И опять невольно она представила его. «Ты, ma chère, ты, Анна!»
— Это не мужчина, не человек, это кукла! Никто не знает, но я знаю. О, если бы я была на его месте, если бы кто-нибудь был на его месте, я бы давно убила, я бы разорвала на куски эту жену, такую, как я, а не говорила бы: ma chère, Анна. Это не человек, это министерская машина. Он не понимает, что я твоя жена, что он чужой, что он лишний… Не будем, не будем говорить!..
— Ты
Она смотрела на него с насмешливою радостью.
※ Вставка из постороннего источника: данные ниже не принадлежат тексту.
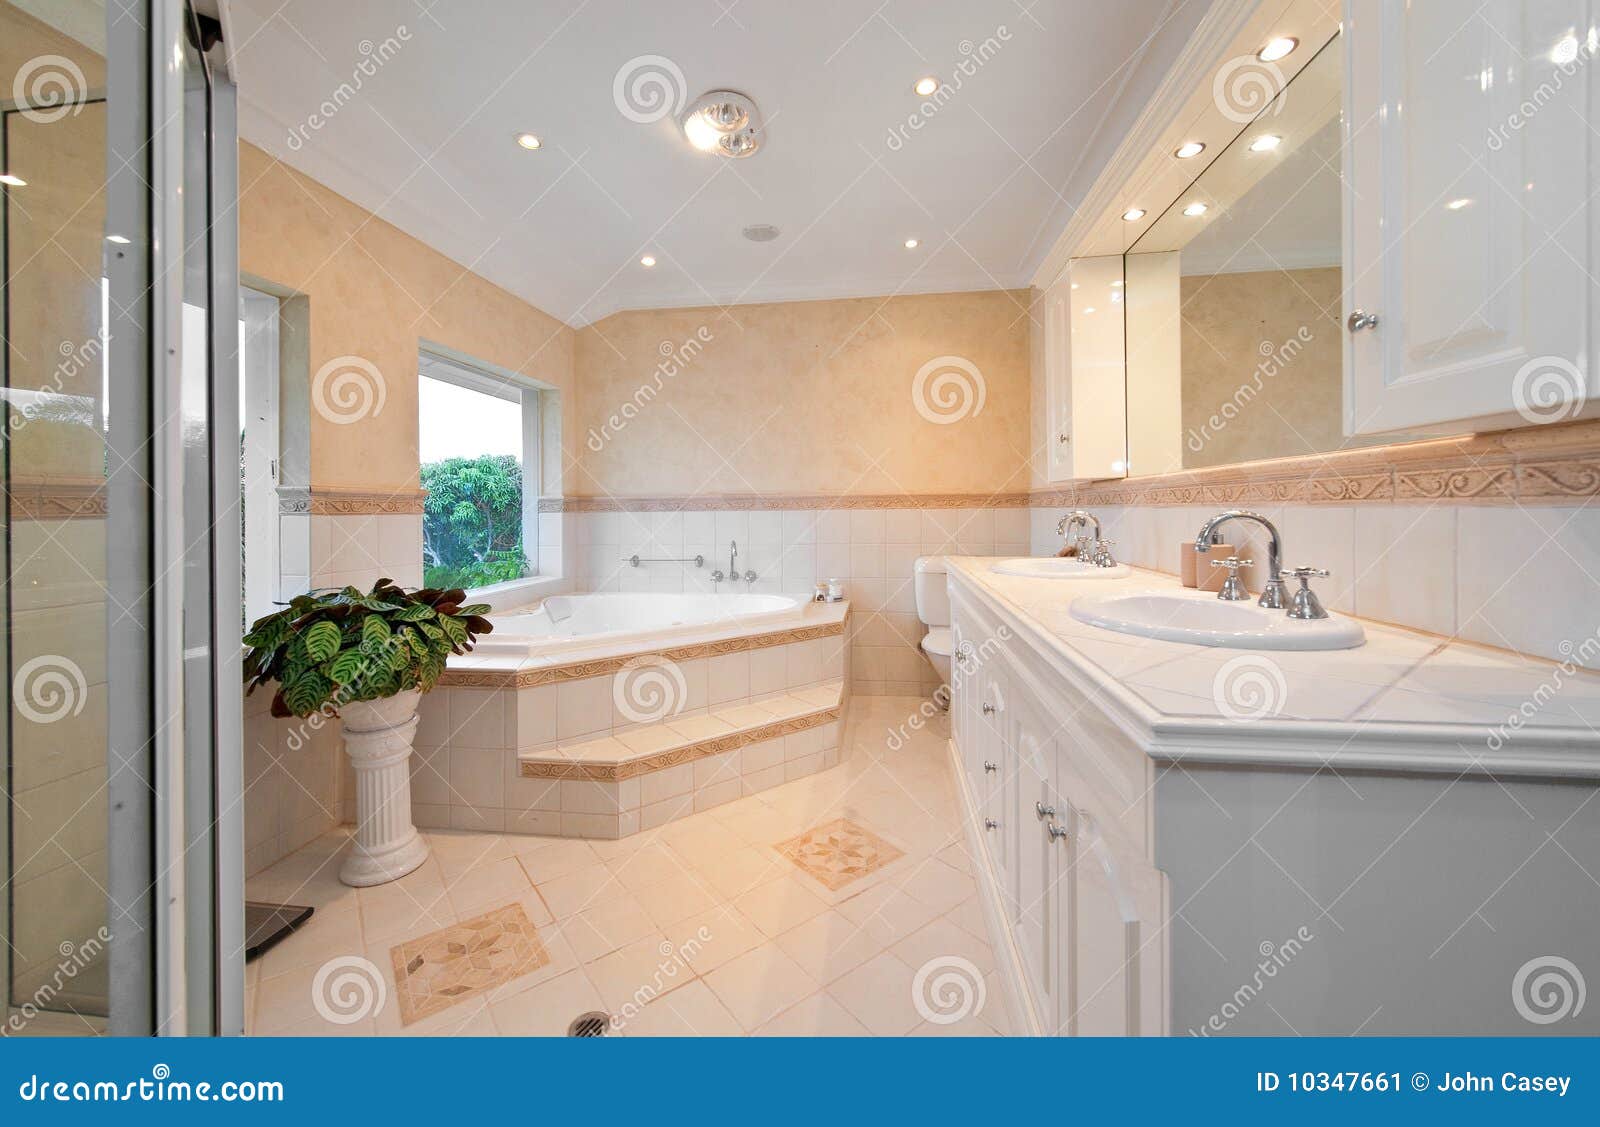 Bathroom with sauna stock image. Image of light, home - 10347661

Видимо, она нашла еще смешные и уродливые стороны в муже и ждала времени, чтоб их высказать.
Он продолжал:
— Я догадываюсь, что это не болезнь, а твое положение. Когда это будет?
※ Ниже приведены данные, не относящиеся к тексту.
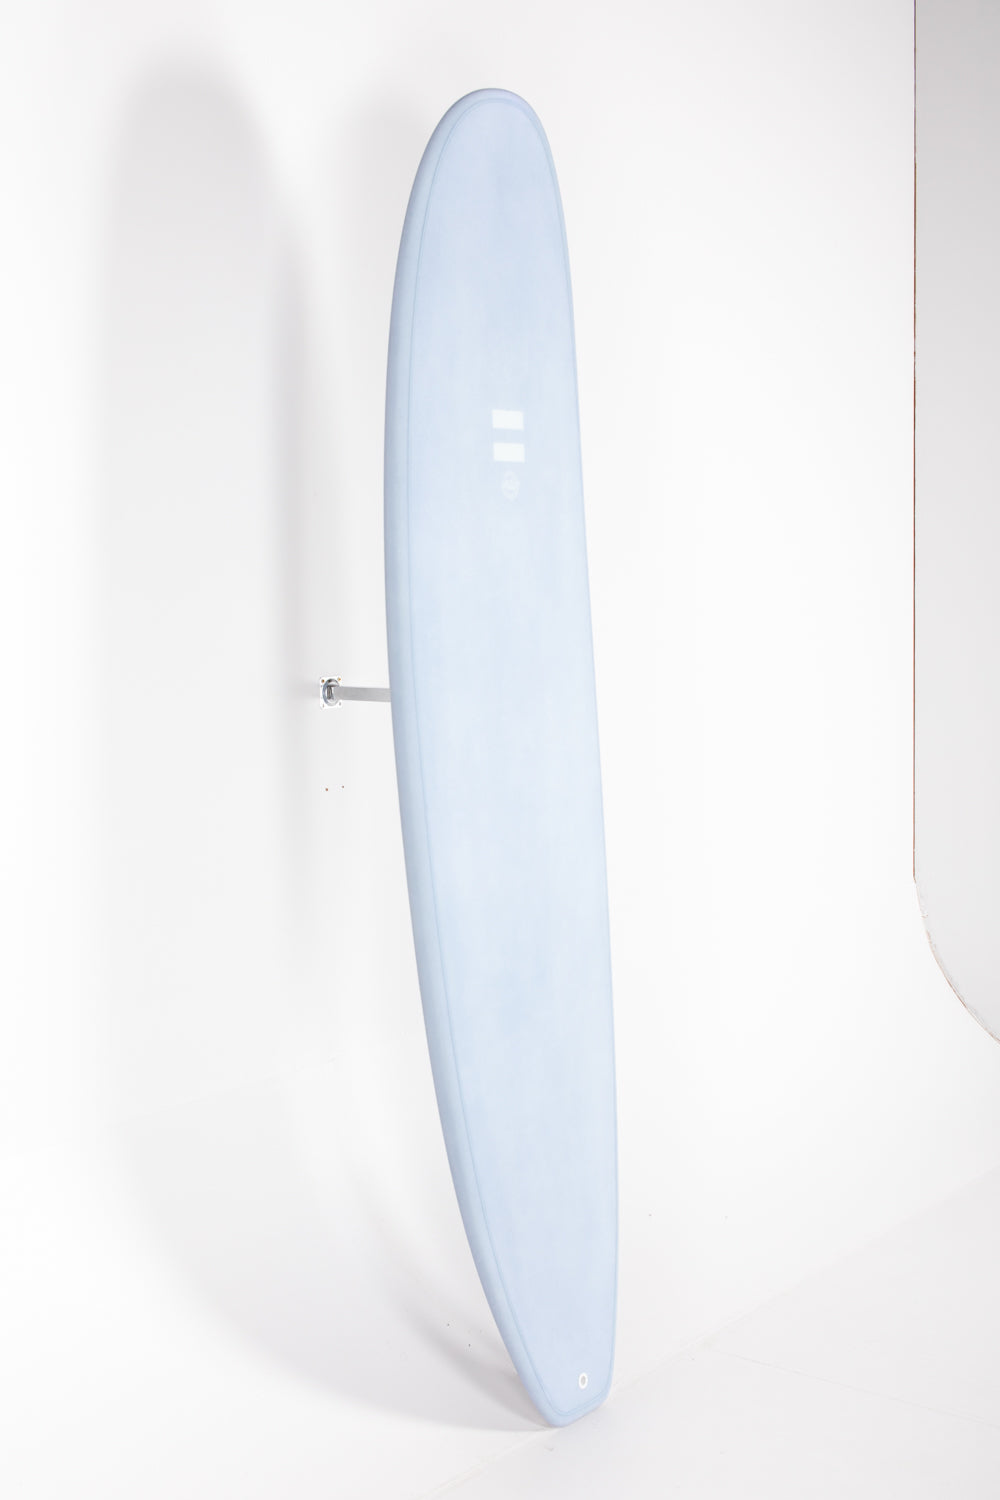 Indio Surfboards - MID LENGTH Light Blue - 7´0 x 21 3/8 x 2 7/8

Насмешливый блеск потух в ее глазах, но другая улыбка — знания чего-то неизвестного ему и тихой грусти — заменила ее прежнее выражение.
— Скоро, скоро. Ты говорил, что наше положение мучительно, что надо развязать его. Если бы ты знал, как мне оно тяжело, что бы я дала за то, чтобы свободно и смело любить тебя! Я бы не мучалась и тебя не мучала бы своею ревностью… И это будет скоро, но не так, как мы думаем.
И при мысли о том, как это будет, она так показалась жалка самой себе, что слезы выступили ей на глаза, и она не могла продолжать. Она положила блестящую под лампой кольцами и белизной руку на его рукав.
— Это не будет так, как мы думаем. Я не хотела тебе говорить этого, но ты заставил меня. Скоро, скоро все развяжется, и мы все, все успокоимся и не будем больше мучаться.
— Я не понимаю, — сказал он, понимая.
— Ты спрашивал, когда? Скоро. И я не переживу этого. Не перебивай! — И она заторопилась говорить. — Я знаю это, и знаю верно. Я умру, и очень рада, что умру и избавлю себя и вас.
Слезы потекли у нее из глаз; он нагнулся к ее руке и стал целовать, стараясь скрыть свое волнение, которое, он знал, не имело никакого основания, но он не мог преодолеть его.
— Вот так, вот это лучше, — говорила она, пожимая сильным движением его руку. — Вот одно, одно, что нам осталось.
Он опомнился и поднял голову.
— Что за вздор! Что за бессмысленный вздор ты говоришь!
— Нет, это правда.
— Что, что правда?
— Что я умру. Я видела сон.
— Сон? — повторил Вронский и мгновенно вспомнил своего мужика во сне.
— Да, сон, — сказала она. — Давно уж я видела этот сон. — Я видела, что я вбежала в свою спальню, что мне нужно там взять что-то, узнать что-то; ты знаешь, как это бывает во сне, — говорила она, с ужасом широко открывая глаза, — и в спальне, в углу стоит что-то.
— Ах, какой вздор! Как можно верить…
Но она не позволила себя перебить. То, что она говорила, было слишком важно для нее.
— И это что-то повернулось, и я вижу, что это мужик маленький с взъерошенною бородой и страшный. Я хотела бежать, но он нагнулся над мешком и руками что-то копошится там…
Она представила, как он копошится в мешке. Ужас был на ее лице. И Вронский, вспоминая свой сон, чувствовал такой же ужас, наполнявший его душу.
— Он копошится и приговаривает по-французски, скоро-скоро и, знаешь, грассирует: «Il faut le batre le fer, le broyer, le pétrir…»[49]
И я от страха захотела проснуться, проснулась… но я проснулась во сне. И стала спрашивать себя, что это значит. И Корней мне говорит: «Родами, родами умрете, родами, матушка…» И я проснулась…— Какой вздор, какой вздор! — говорил Вронский, но он сам чувствовал, что не было никакой убедительности в его голосе.
— Но не будем говорить. Позвони, я велю подать чаю. Да подожди, теперь не долго я…
Но вдруг она остановилась. Выражение ее лица мгновенно изменилось. Ужас и волнение вдруг заменились выражением тихого, серьезного и блаженного внимания. Он не мог понять значения этой перемены. Она слышала в себе движение новой жизни.